Aqueles três já devem estar satisfeitos de terem me convencido de participar pela primeira vez de uma atividade da turma.
— Como tu estás livre, que tal ir conosco comer alguma coisa? — mostra uma sacola de obentos.
— Quanta bondade. Querem me expor a inveja do restante dos garotos? Até o final do dia eu terei um cartaz de procurado nos corredores.
— Podemos ir comer no terraço, não tem ninguém por lá. Ou se preferir, no meu antigo esconderijo — comenta Ailiss.
Bem, hoje não irá nevar e com o céu limpo podemos ver as estrelas. Ainda assim, é um convite um tanto suspeito.
— Se não era isso, então qual a pegadinha?
— Só queríamos passar um tempo contigo durante este festival. Não sei se teremos outra oportunidade como esta — Mikoto me encara com deboche e completa — e tu és o nosso namorado no final de contas.
— Namorado? — começo a rir.
— Qual a graça? — pergunta Ailiss.
Fico surpreso com sua resposta e então pergunto.
— Você concorda com este termo?
— É uma definição bastante coerente dado o nosso relacionamento — responde seriamente.
Não é algo que eu esperava que ela fosse falar abertamente, talvez Mikoto tenha a influenciado muito neste meio tempo. Todavia, sua resposta faz bastante sentido, nossa relação é de fato uma bagunça, mas não há o porquê não se encaixar nesse termo.
Decido brincar um pouco de volta.
— Diria que é um namoro um tanto quanto exótico. Talvez uma servidão com alguns pontos de afeto por parte das mestras caia melhor — pauso — Tudo bem, vamos. Mas sejam discretas, se vier a conhecimento público que estou “namorando” uma de vocês, serei caçado por todo o corpo estudantil.
— Claro, seremos totalmente discretas. Todavia, não posso te prometer nada sobre isto vir a público. Sabe como são as fofocas, não é? Não temos controle sobre os rumores que se espalham desenfreadamente — fala Mikoto em deboche.

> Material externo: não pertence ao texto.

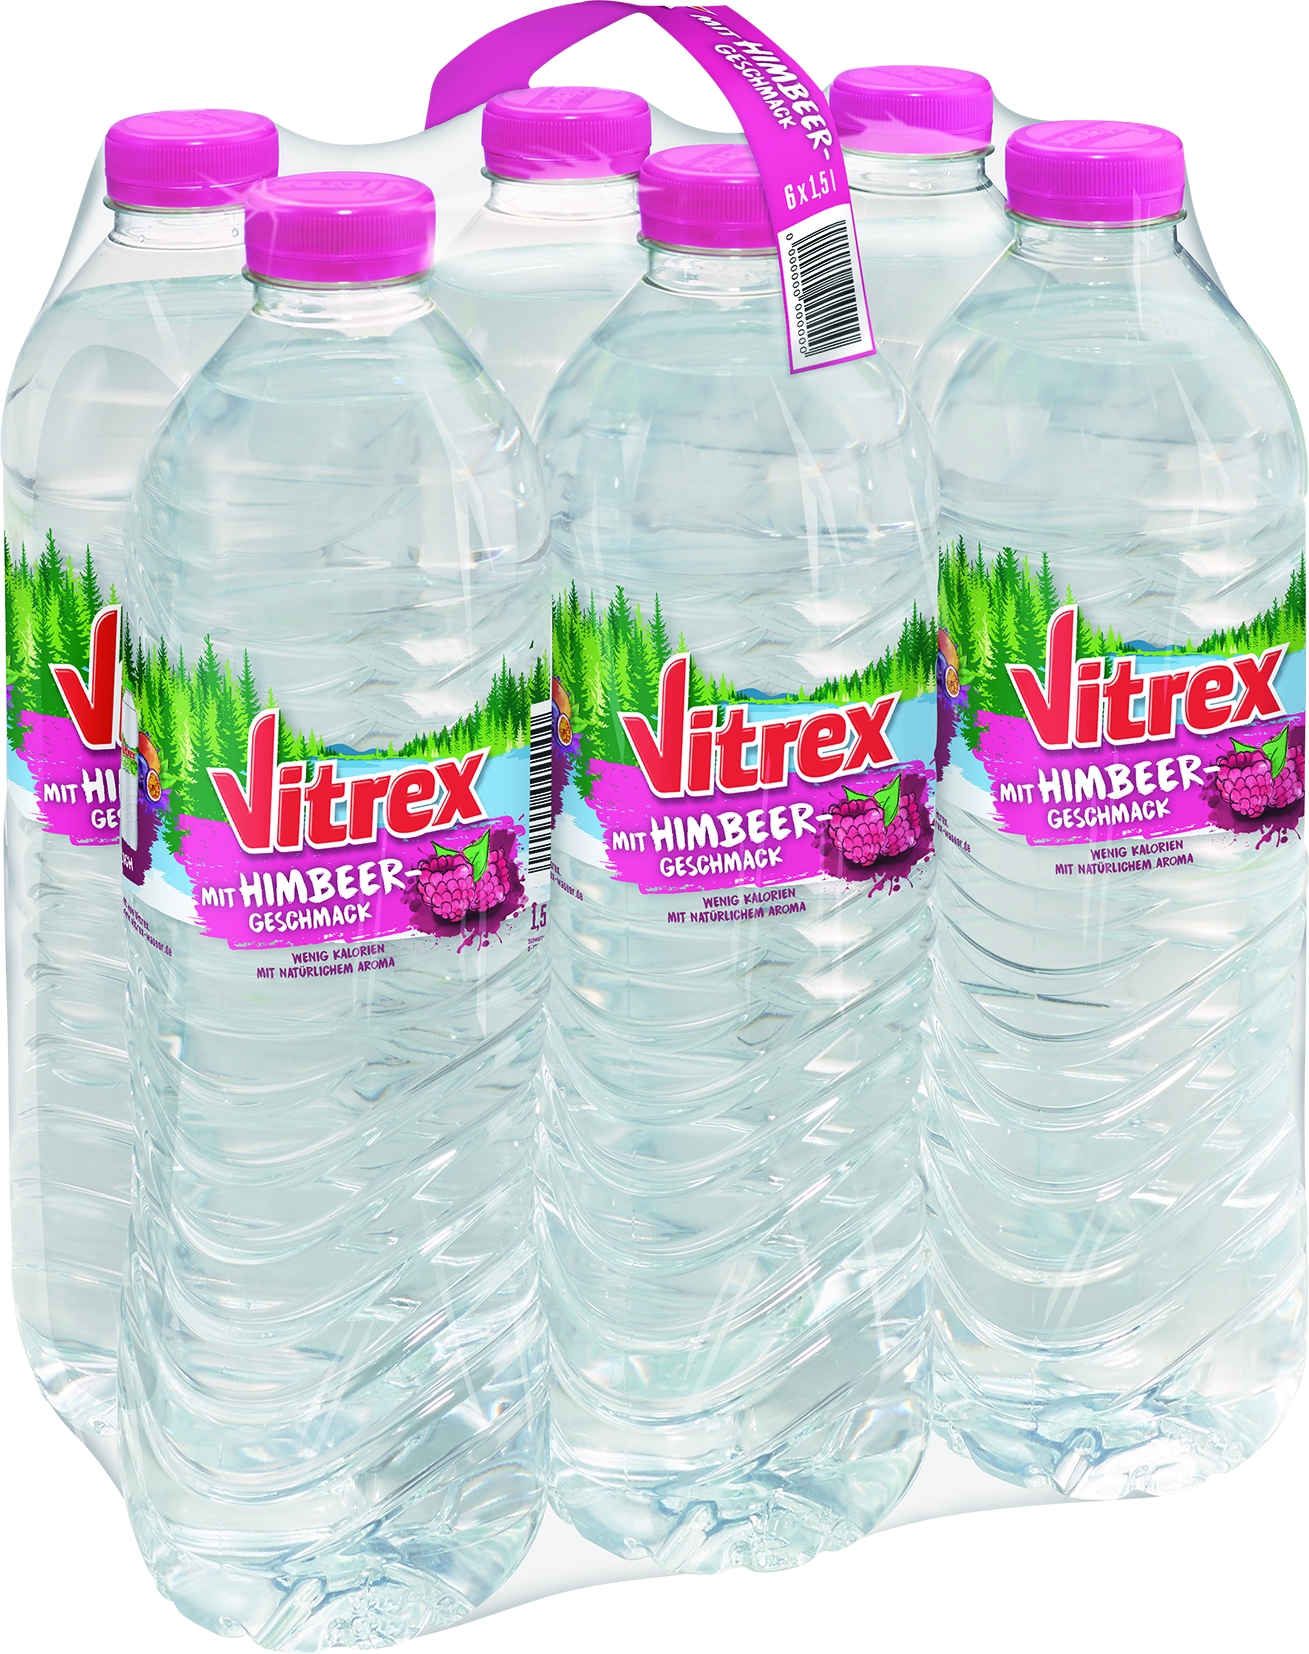 Mineralwasser mit Himbeer   
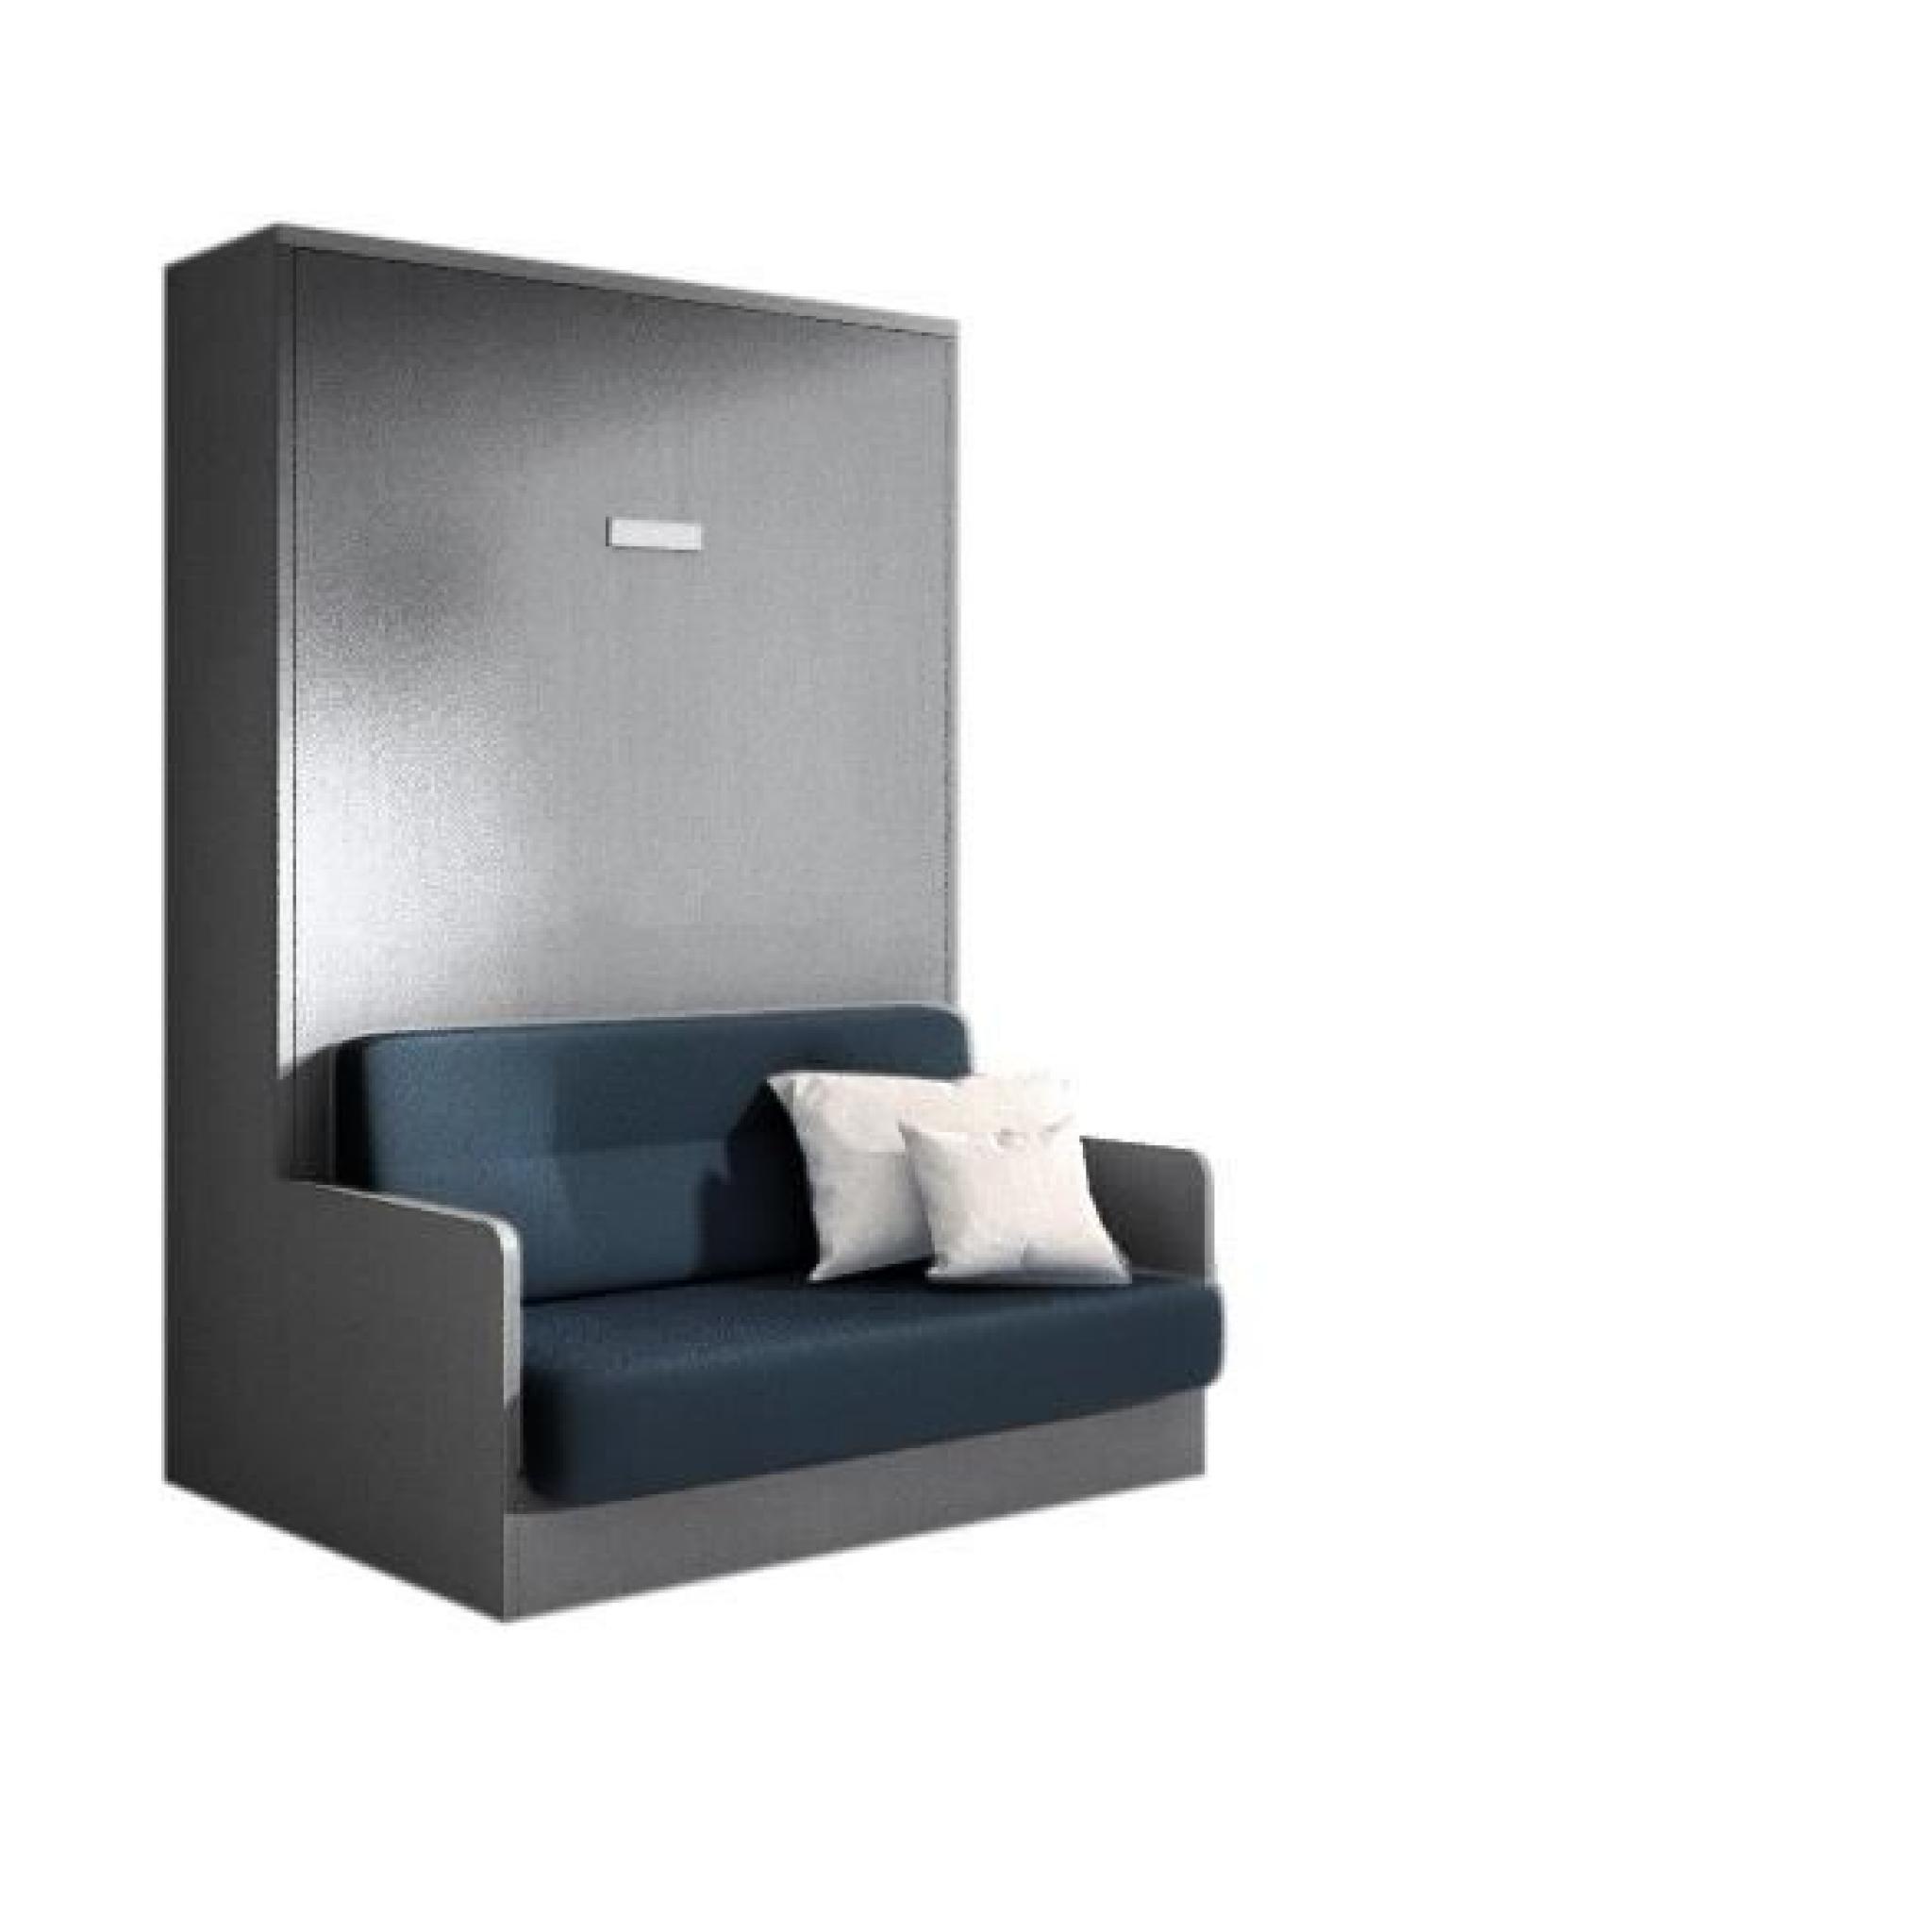 JOY - Armoire lit 140x200 gris mat avec canapé

Isso é claramente uma ameaça. Minha vida reservada pode acabar a qualquer instante, com este tipo de arma ela me tem em suas mãos.
Apesar de suas personalidades tóxicas, definitivamente não posso negar a boa vontade delas de me ajudar. Ainda assim, entregar-me a tal paz é uma trava impossível de eu quebrar no momento.